Ada pertanyaan, mengapa kenaikan BBM saat ini harus ditolak, alasan utamanya adalah karena keadaan faktual Indonesia yang saat ini sangat belum memungkinkan untuk menghapuskan subsidi. Ada dua kondisi faktual yang dapat menandai kesiapan rakyat untuk menerima penghapusan subsidi BBM, pertama terlebih dahulu harus adanya jejaring pengaman sosial dan energi alternatif untuk mensubtitusi penggunaan BBM. Fakta dilapangan, dua prasyarat untuk kondisi demikian masih sangat jauh dari kondisi dimana penghapusan subsidi BBM itu terpaksa dilakukan.

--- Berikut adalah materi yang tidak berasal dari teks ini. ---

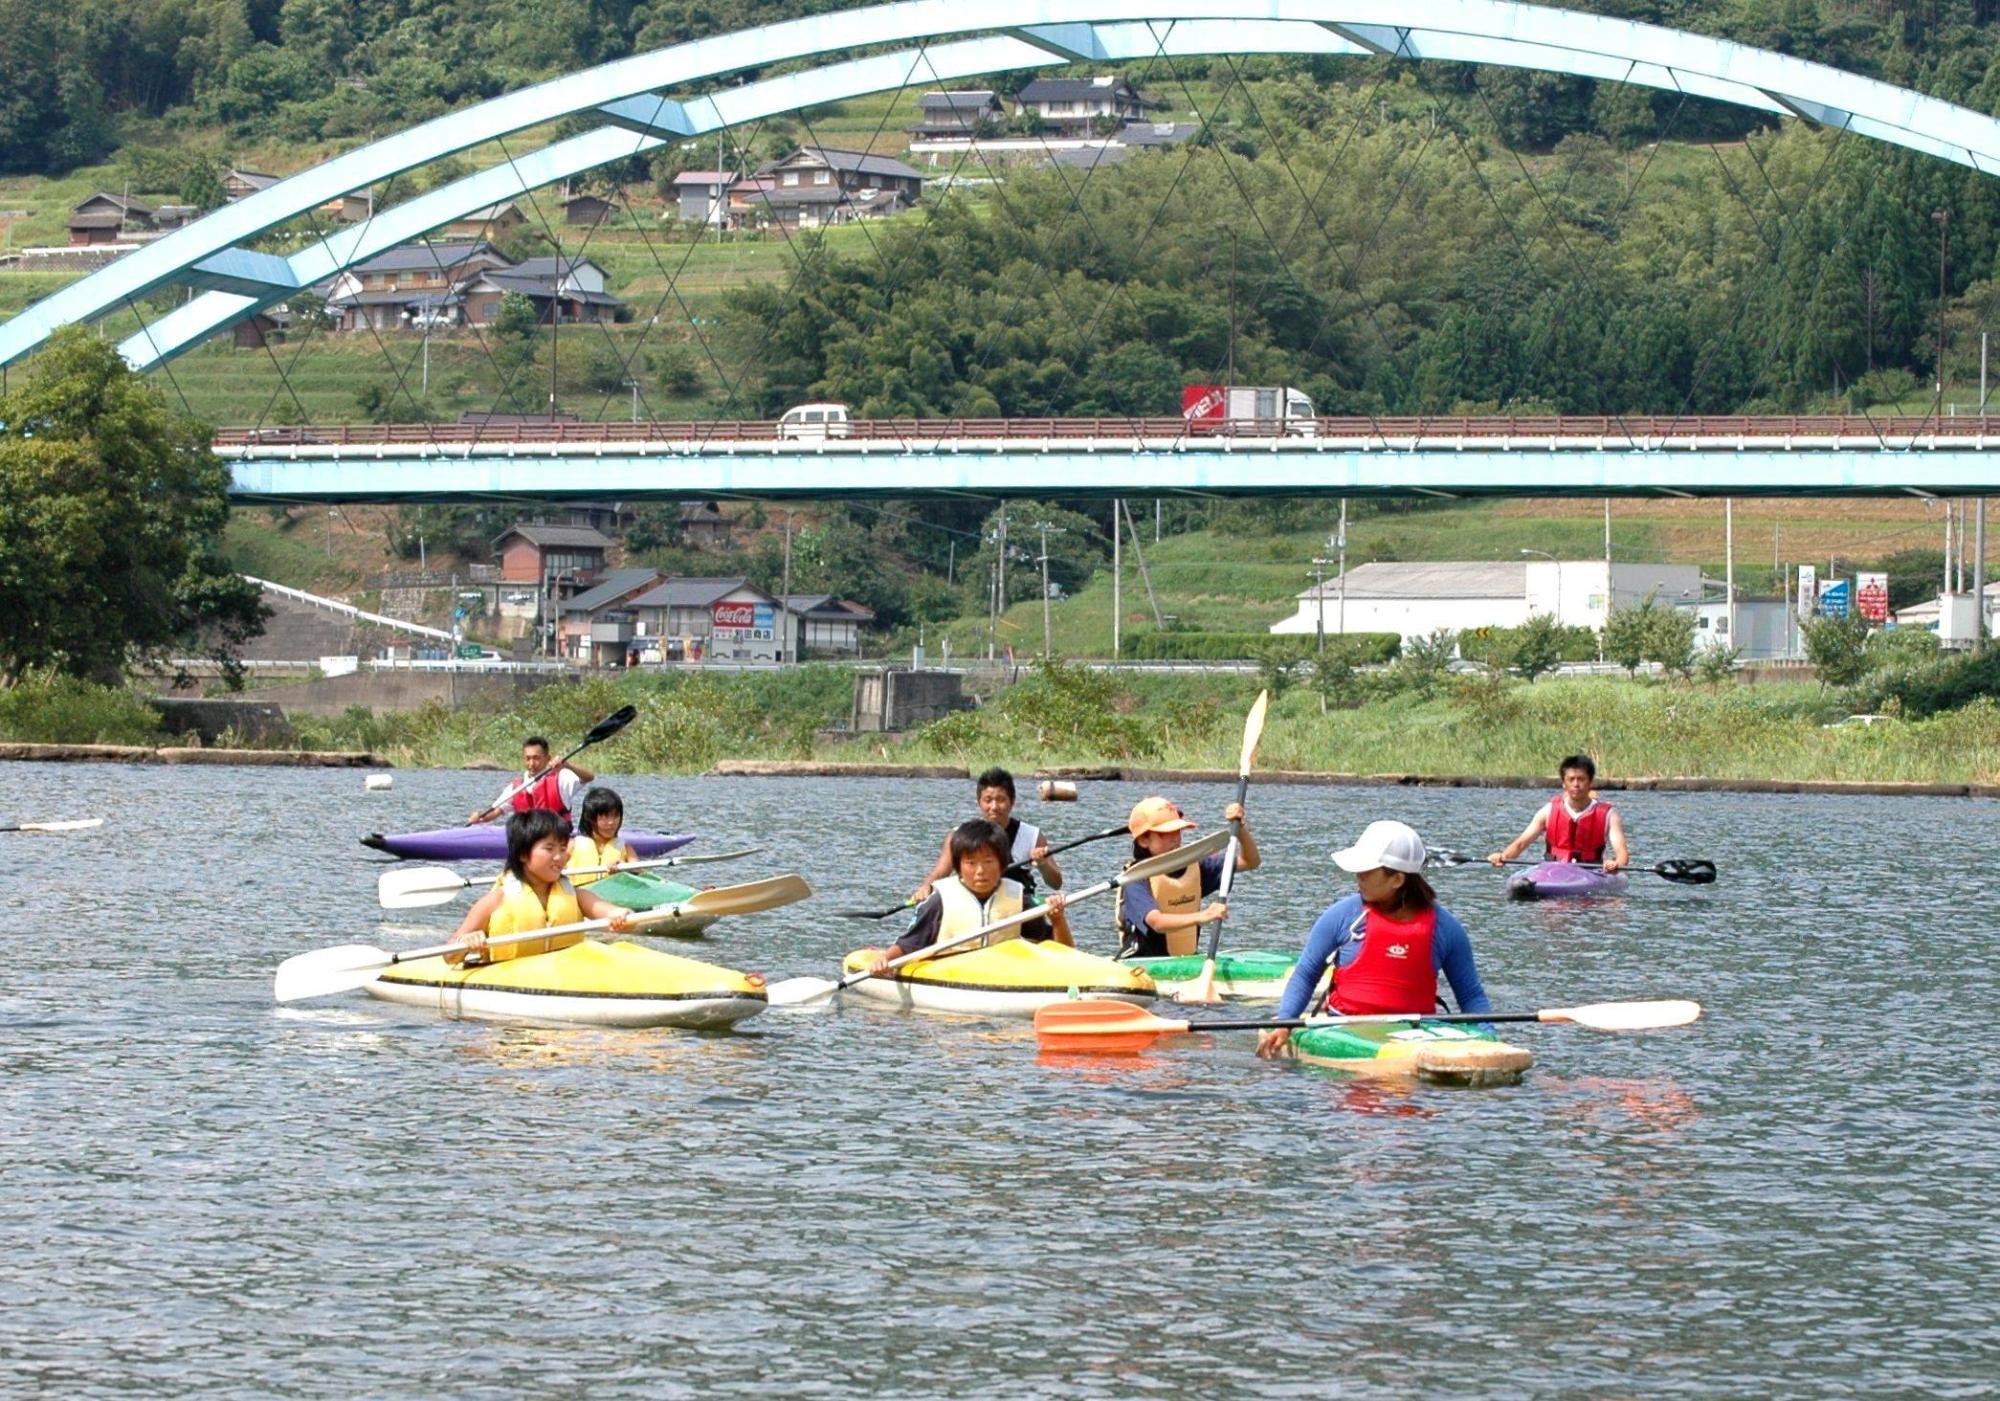 由良川で指導員の指導を受けながらカヌーに乗りオールを漕いでいる参加者たちの写真

Alasan kedua harga BBM itu merupakan 'anchor price' atau dengan kata lain harga yang menimbulkan efek pengganda terhadap nilai perekonomian makro. Jadi dari kenaikan BBM ini yang paling kena imbasnya secara nyata adalah masyarakat pada kelas sosial-ekonomi menengah kebawah (Buruh dan Tani). Mungkin hal-hal seperti ini tidak tidak terlalu dipikirkan oleh para pendukung ekonomi neoliberal, mungkin bagi para elit politik dan sebagian orang menengah keatas yang mendukung kenaikan BBM berasumsi bahwa rakyat dapat beradaptasi dengan harga-harga baru karena ini adalah realitas ekonomi yang tidak bisa dielakkan.

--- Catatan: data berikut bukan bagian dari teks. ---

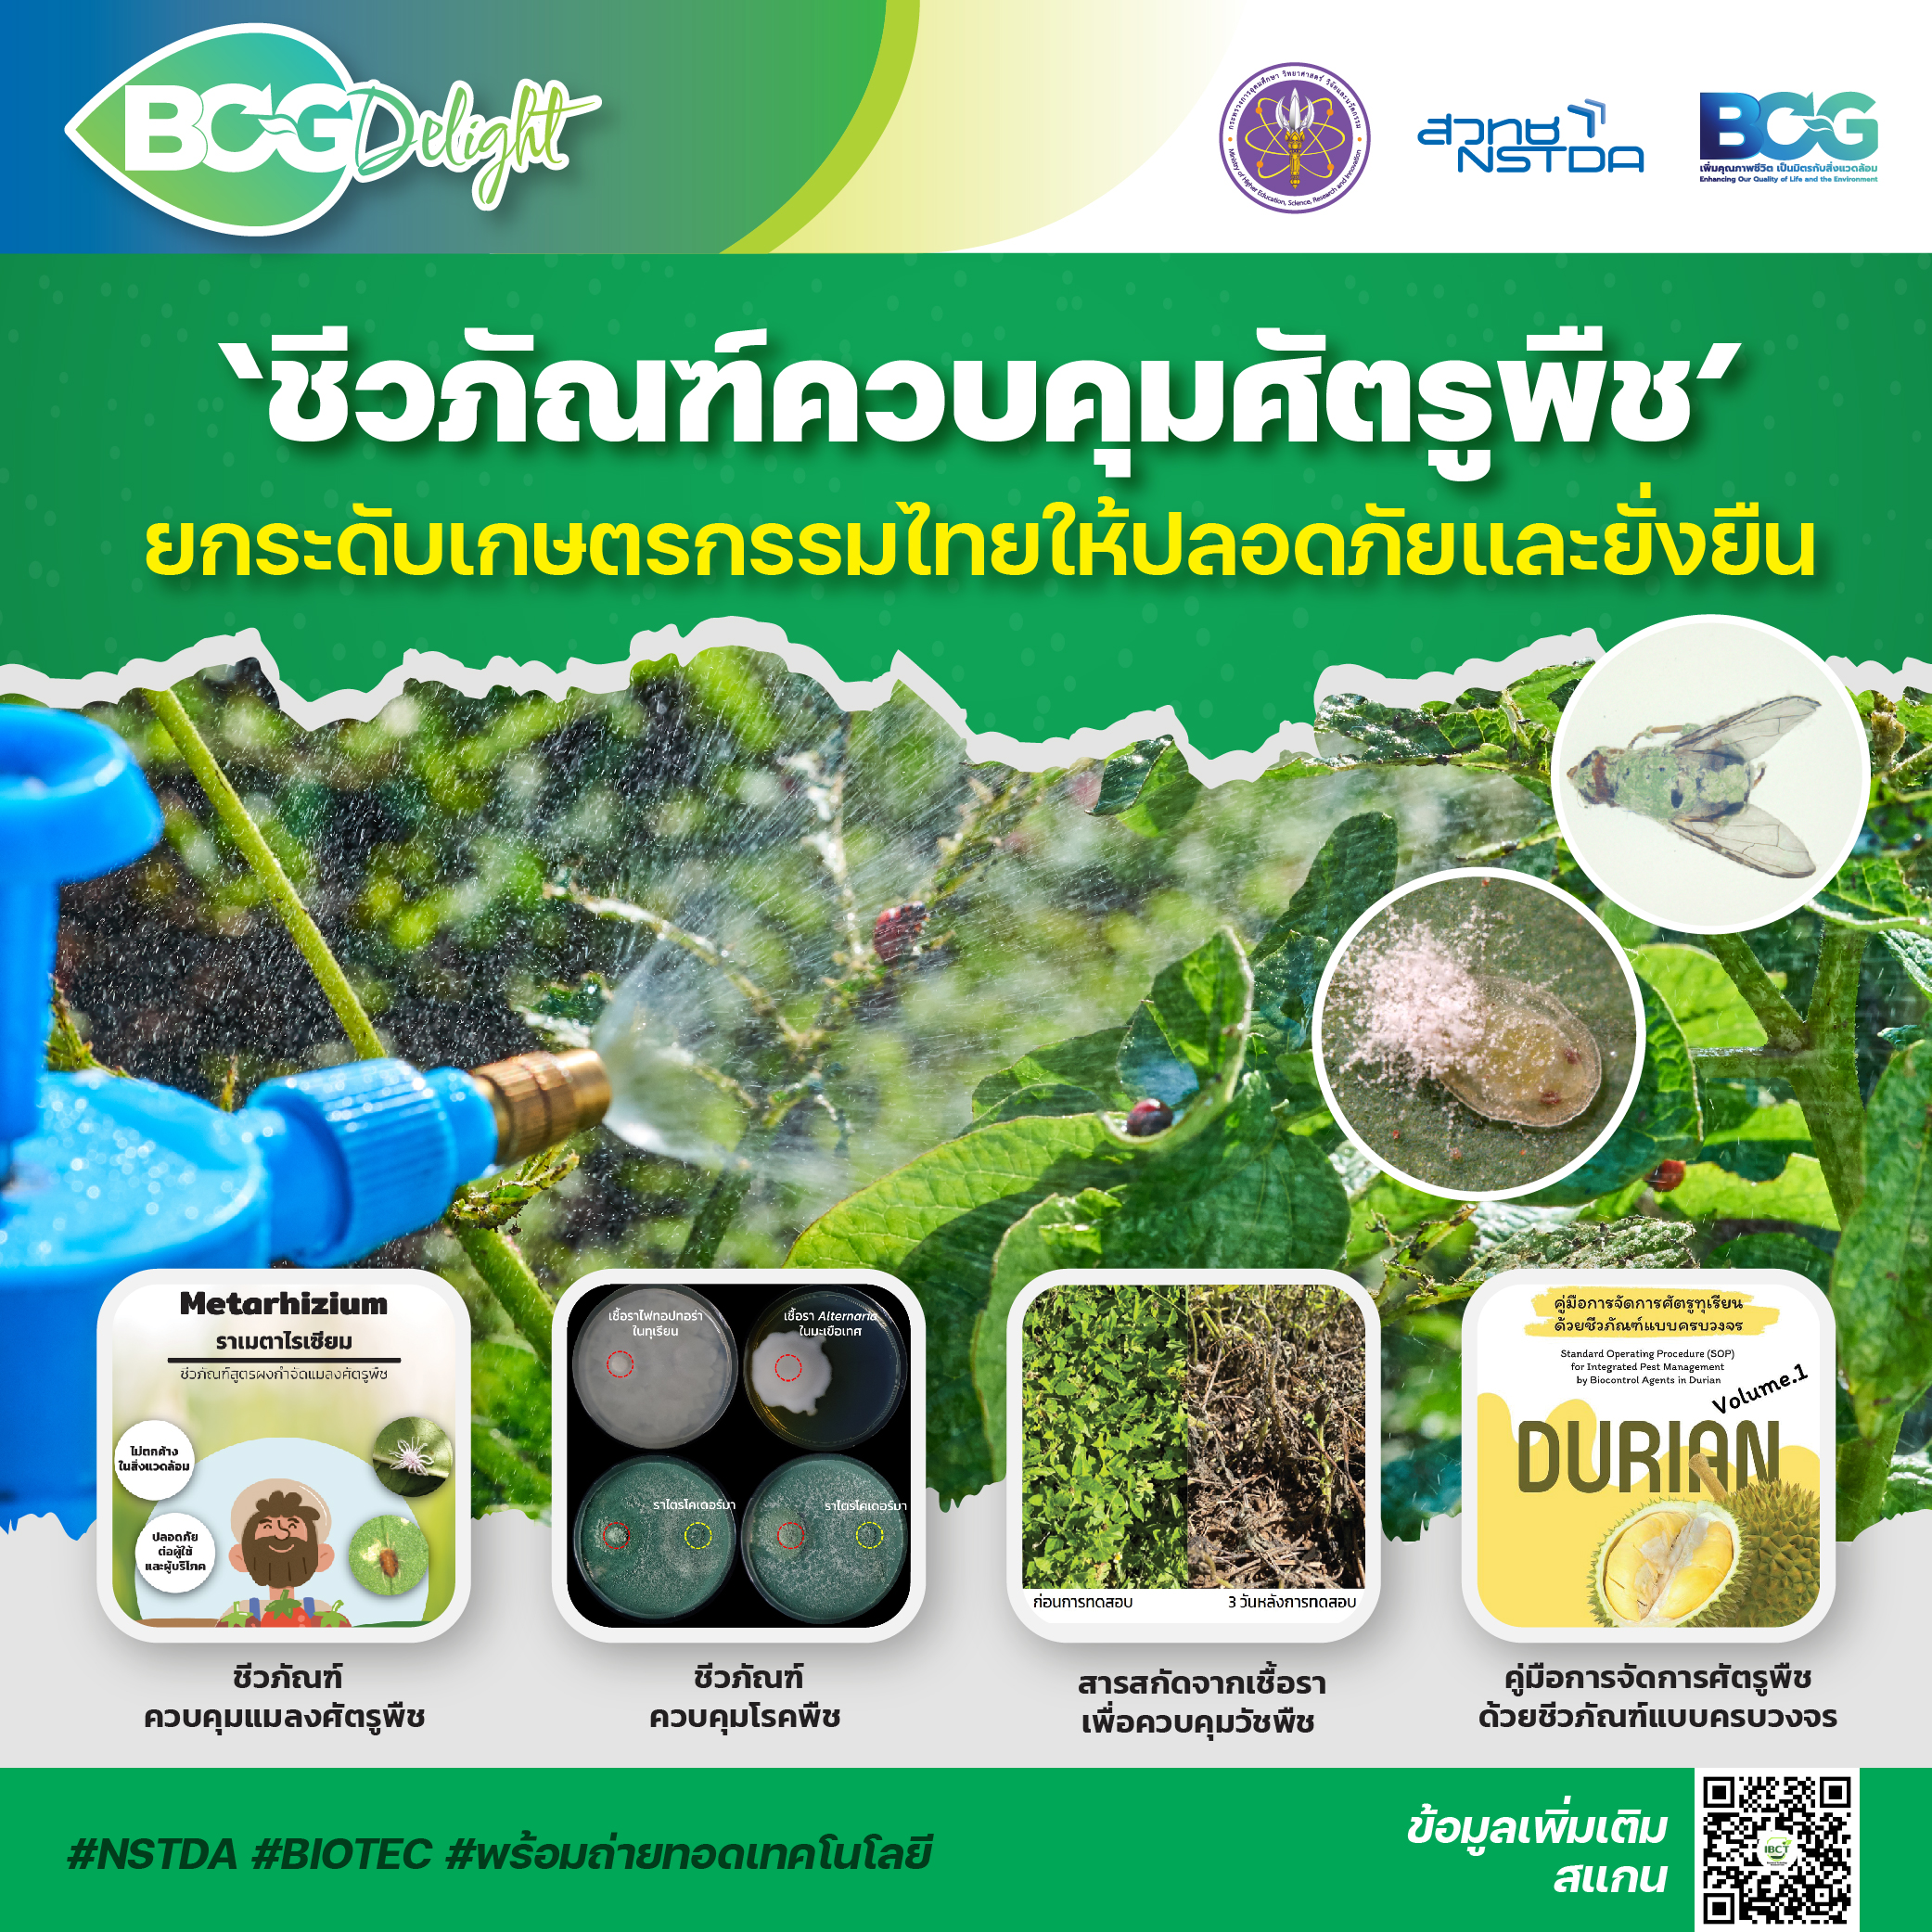 ‘ชีวภัณฑ์ควบคุมศัตรูพืช’ ยกระดับเกษตรกรรมไทยให้ปลอดภัยและยั่งยืน

Namun hal paling mendasar sesungguhnya yang harus dipikirkan matang-matang adalah bagaimana dampak dari berjalannya proses tersebut. Selama berjalannya proses yang dipaksakan seperti ini, akan ada jutaan rakyat Indonesia yang putus sekolah, gizi buruk, biaya kesehatan yang tidak terjangkau, pengangguran, dan akan terjadi banyak sekali berbagai disfungsi sosial lainnya, semua disebabkan karena daya beli masyarakat pada posisi yang sangat lemah. Tidak ada yang bisa bisa bertanggung jawab terhadap disfungsi sosial akibat efek domino kenaikan BBM yang diderita oleh masyarakat ekonomi sosial menengah kebawah yang hingga kini masih menjadi mayoritas rakyat indonesia.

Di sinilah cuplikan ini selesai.